Overview of 7 Key Running Stretches

Flexibility is vital to increasing and maintaining your stride length and range of motion, and is also a major factor in injury prevention. The best way to improve flexibility is through stretching. Look at the stretching video in the coaching tab to see the seven basic stretches commonly practiced by runners.

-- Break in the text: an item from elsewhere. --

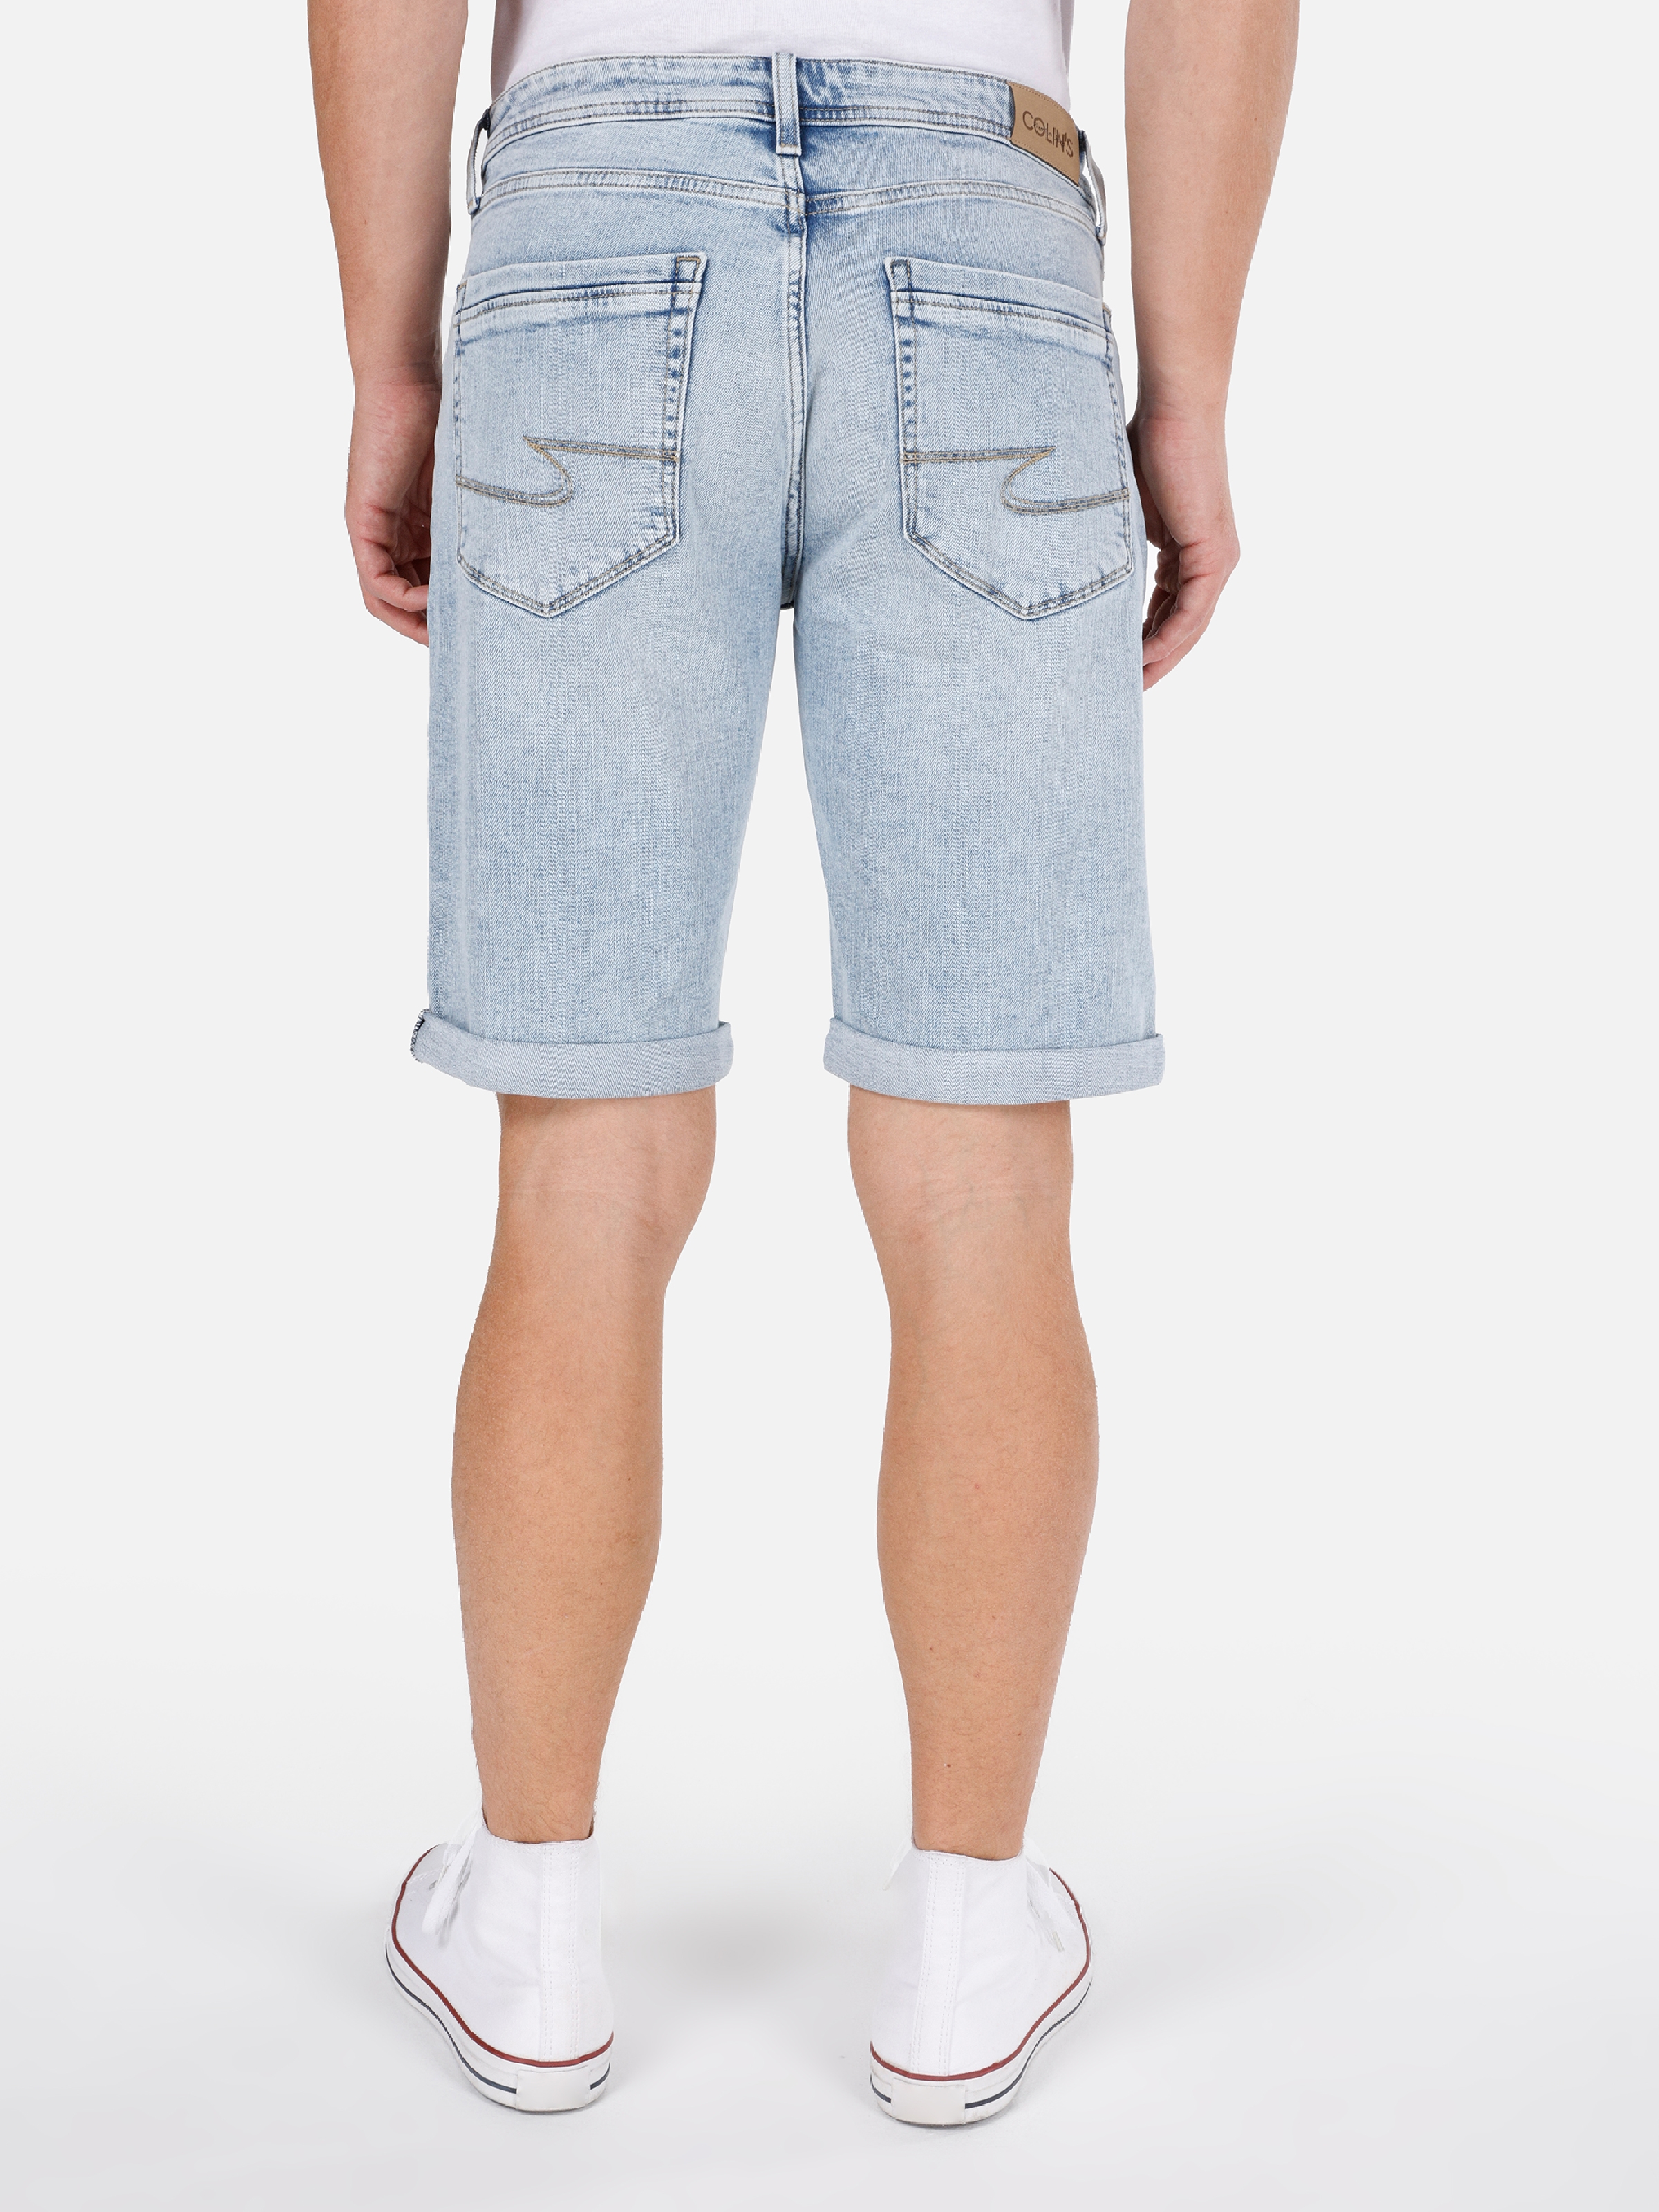 Afișați detalii pentru Short / Pantaloni Scurti De Barbati Albastru deschis Straight Fit 044 KARL CL1069529
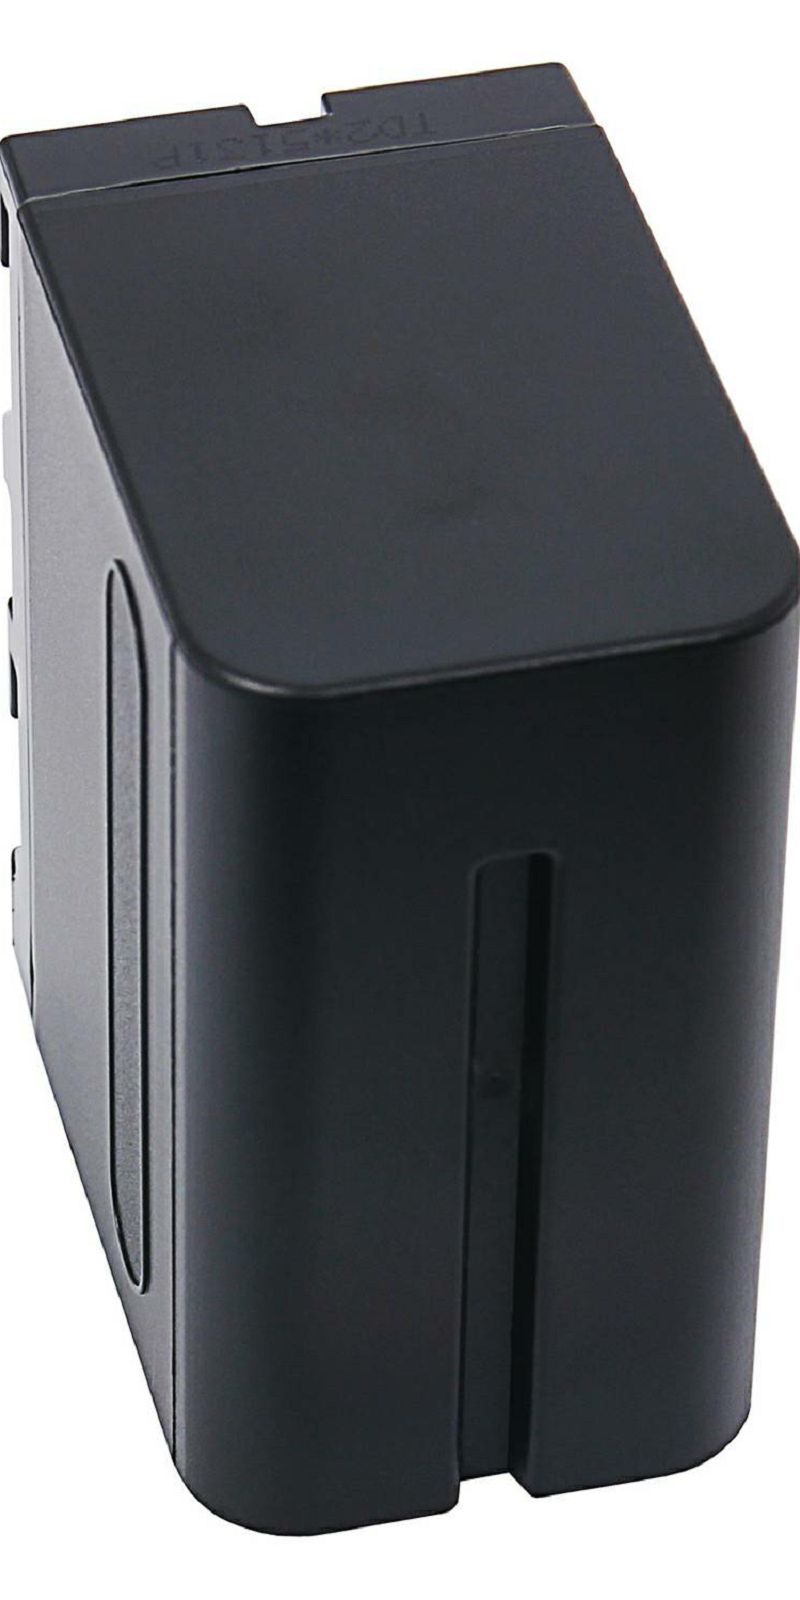 Patona baterija za Sony NP-F970 Protect 10500mAh NP-F970 NP-F960

Additionally, by ensuring flexibility (along with strengthening key muscle groups) you reduce the likelihood of sustaining common runners injuries such as Runner's knee - Iliotibial Band (IT band), Shin splints, Plantar Fascitis, Achilles Tendonitis

To help maintain flexibility some of the most effective stretches are listed below and summarised in the video. If you're interested in learning more please follow the link below the video.

  • Hip flexor stretch

  • Thigh stretch

  • Hamstring stretch

  • IT Band stretch

  • Calf stretch

  • Piriformis (buttocks) stretch

  • Child's Pose

Overview of Running Stretches

Find out more about Stretching and Injury prevention please follow this link or contact us at info@sol-movement.com

IMPORTANT: By entering the Sol Movement website or by using our blog, e-mails, purchasing or using our training programs, plans, services, and/or products, you are implicitly accepting and agreeing to our Terms & Conditions and Disclaimer. If you do not agree to these do not continue. If you engage in activity or exercise programs tendered under your use of Sol Movement website or any of its material or content you agree that you do so at your own risk.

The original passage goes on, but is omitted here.